There are clear connections between the complaints in the AHRC application and the dismissal, and very clear duplication or overlap between the matters relied upon by Mr Moon in each application. Having chosen to commence the AHRC preceding first, Mr Moon was prohibited by s.725 from making his application under s.365.
As such, Mr Moon’s application was not made in accordance with the FW Act.
Section 587(1)(a) confers a discretion on the Commission to dismiss the Applicant’s application if it has not been made in accordance with the Act. The qualifications in s.587(2) do not restrain the discretion available under s.587(1)(a).

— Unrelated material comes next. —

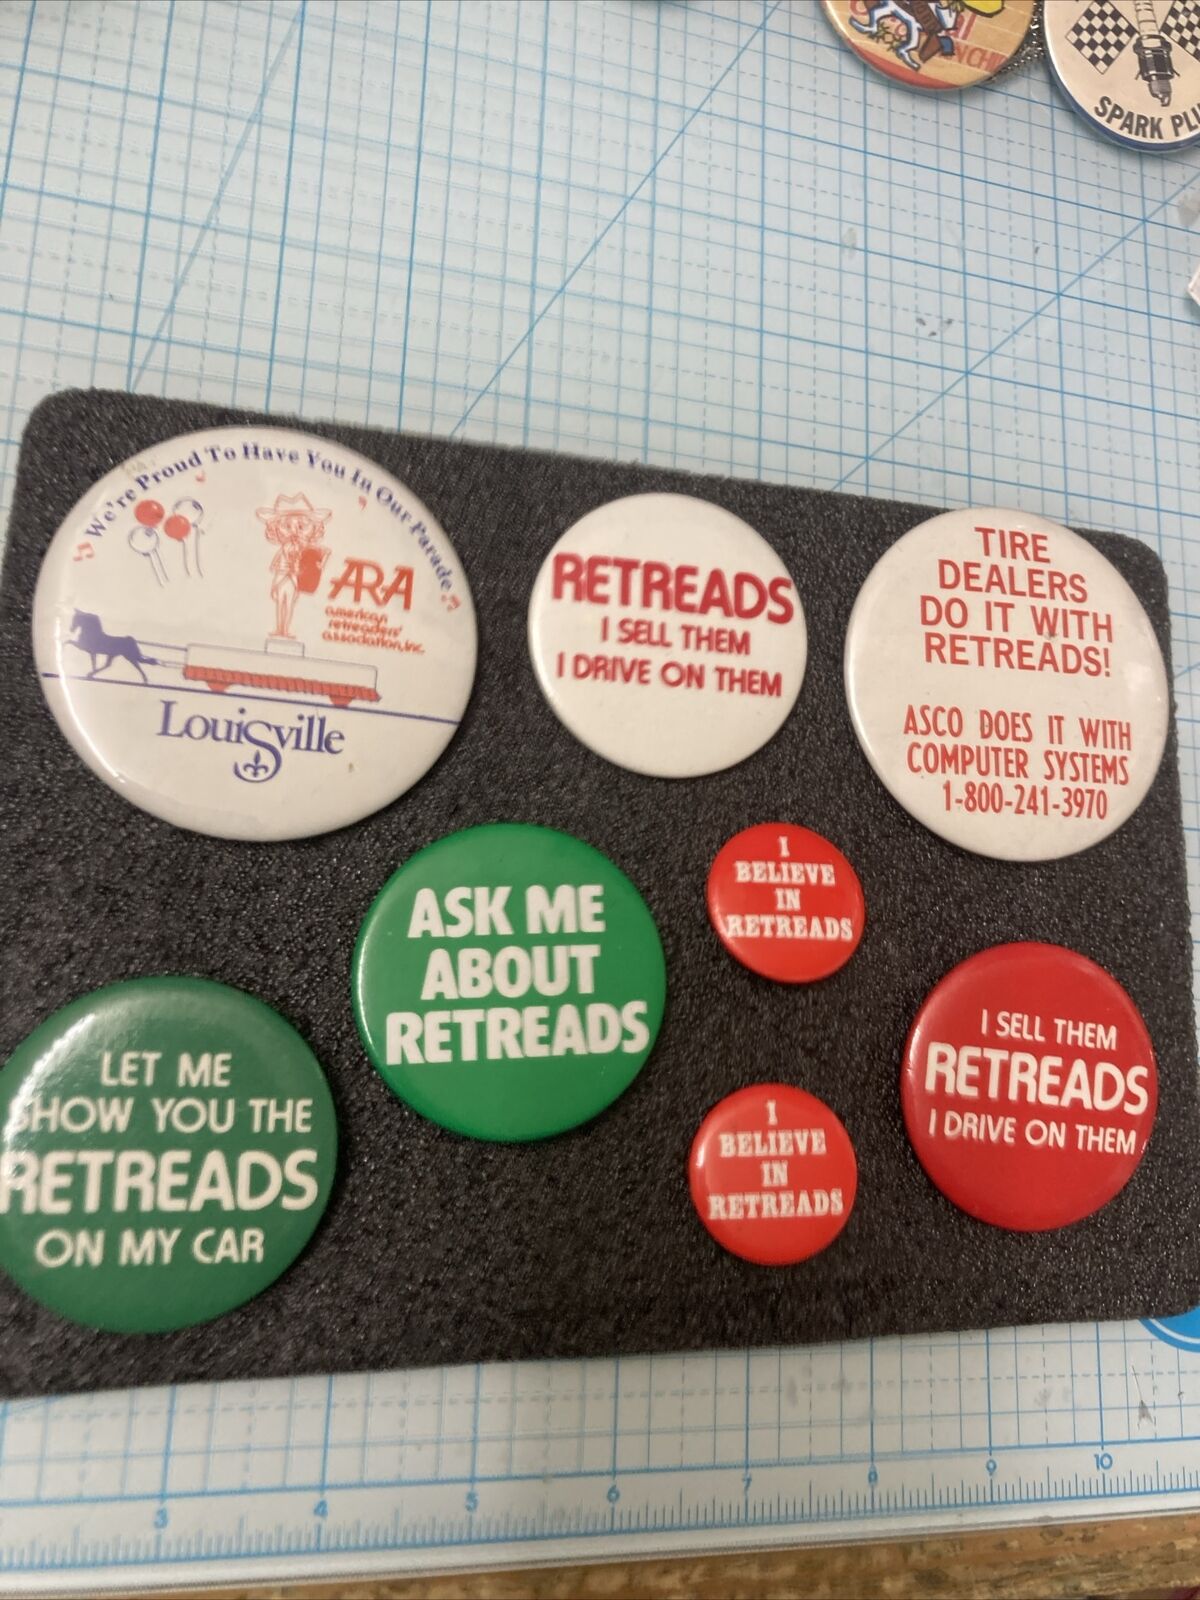 8 USED Vtg. Round Retreads/Tire Dealer Retreads Pins. Various Sizes/Colors. NICE

I make the following order:
1. The application under s.365 of the Fair Work Act 2009 (Cth) made by the Applicant on 24 June 2025 is dismissed.
DEPUTY PRESIDENT
Appearances:
D Moon, Applicant
B Gahan for the Respondent
Hearing details:
2025.
Sydney (By Video using Microsoft Teams)
August 20.
[1] See Dr Bing Du v University of Ballarat[2011] FWAFB 5225, (2011) 211 IR 382; Birch v Wesco Electrics (1966) Pty Ltd [2012] FMCA 5, (2012) 218 IR 67; Lawless v Qantas Airways Ltd[2014] FWC 744; Qantas Airways Ltd v Lawless[2014] FWCFB 3582; Ioannou v Northern Belting Services Pty Ltd[2014] FWCFB 6660; Hazledine v Wakerley[2017] FWCFB 500, (2017) 266 IR 118; Dias v Commonwealth Bank Group [2021] FCCA 601; Minhas v United Workers Union[2024] FWC 805 and Dixon v United Workers' Union[2024] FWCFB 442, (2024) 337 IR 1.